I don’t really know how to advise you and anyway I think I would probably be wrong to do so. I just hope my story helps you form some understanding about these things.

I will tell you nothing I ever did worked with my wife. I found the more I tried to teach her about forgiveness, the more concrete she became in her passive aggressive ways. I think this happened because my saying forgive just confirmed that I was some kind of bad guy. It really is crazy stuff. And of course while I was trying to teach my wife healthier ways of handling things, the fact that I’d forgiven her many things was totally over looked. The focus was always on my bad behaviour, never hers. PAs are exceedingly good at those types of things. They never accept any form of responsibility hurting anyone.

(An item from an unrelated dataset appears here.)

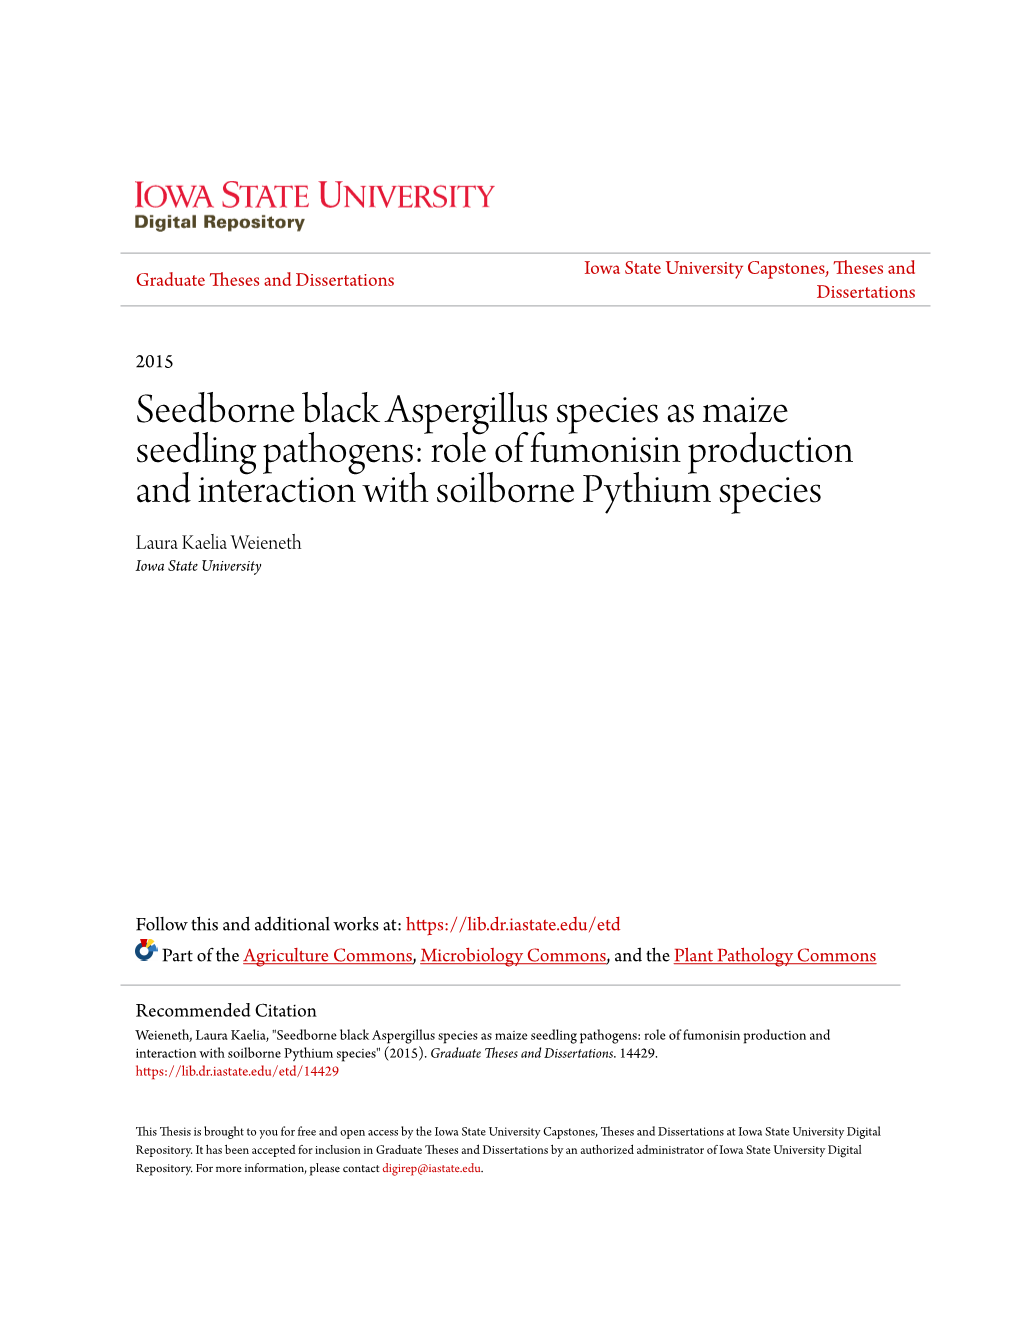 Seedborne Black Aspergillus Species As Maize Seedling Pathogens: Role

But as we know PAs are by no means all bad through and through. My wife had some phenomenal qualities and it’s these that kept me with her for so very long. And their PA beliefs and behaviour do need things to work off and over the course of a marriage those things build up as they are never confronted and resolved.

And so the woman I fell so deeply in love with just got more and more passive aggressive as time went by. Her final act that was just too much for me was that I found out that she’d bare faced lied to me. She sat right by my side and told a story about what had happened the night before in my home and bare faced lied to me. What she’d lied about was not a big deal for me, nothing I couldn’t handle, it just wasn’t a problem. But she’d lied to me and when I found out and confronted her about it she just continued lying and then blame shifting and denying.

It was really crazy making stuff. But this time I persevered with her, I was absolutely determined to get to the bottom of it. Finally she owned up to her deceit and with a surprised look on her face said “Oh! I must have been in denial!”. Yeh, righto. By the time we’d got to this stage I just couldn’t believe a word that came out of her mouth. This after 42 years of being with her.

I knew then that no form of helping her in better ways would ever work. And I discovered boundaries and quickly put some up to protect me from her passive aggression. She actually trashed my boundaries. It was then I truly knew she could not live without her passive aggressive ways and I couldn’t live with them. And so I ended my marriage and I’ve kept it that way. I would dearly love the woman I loved for decades back but she is no longer there, she more or less been consumed by her passive aggression as far as I am concerned.


I will say Katiebird that I am convinced that PAs get worse as time goes by. And that means that living with them gets worse as time goes by. The only way to prevent that from happening is that they get treatment and end their passive aggressive ways.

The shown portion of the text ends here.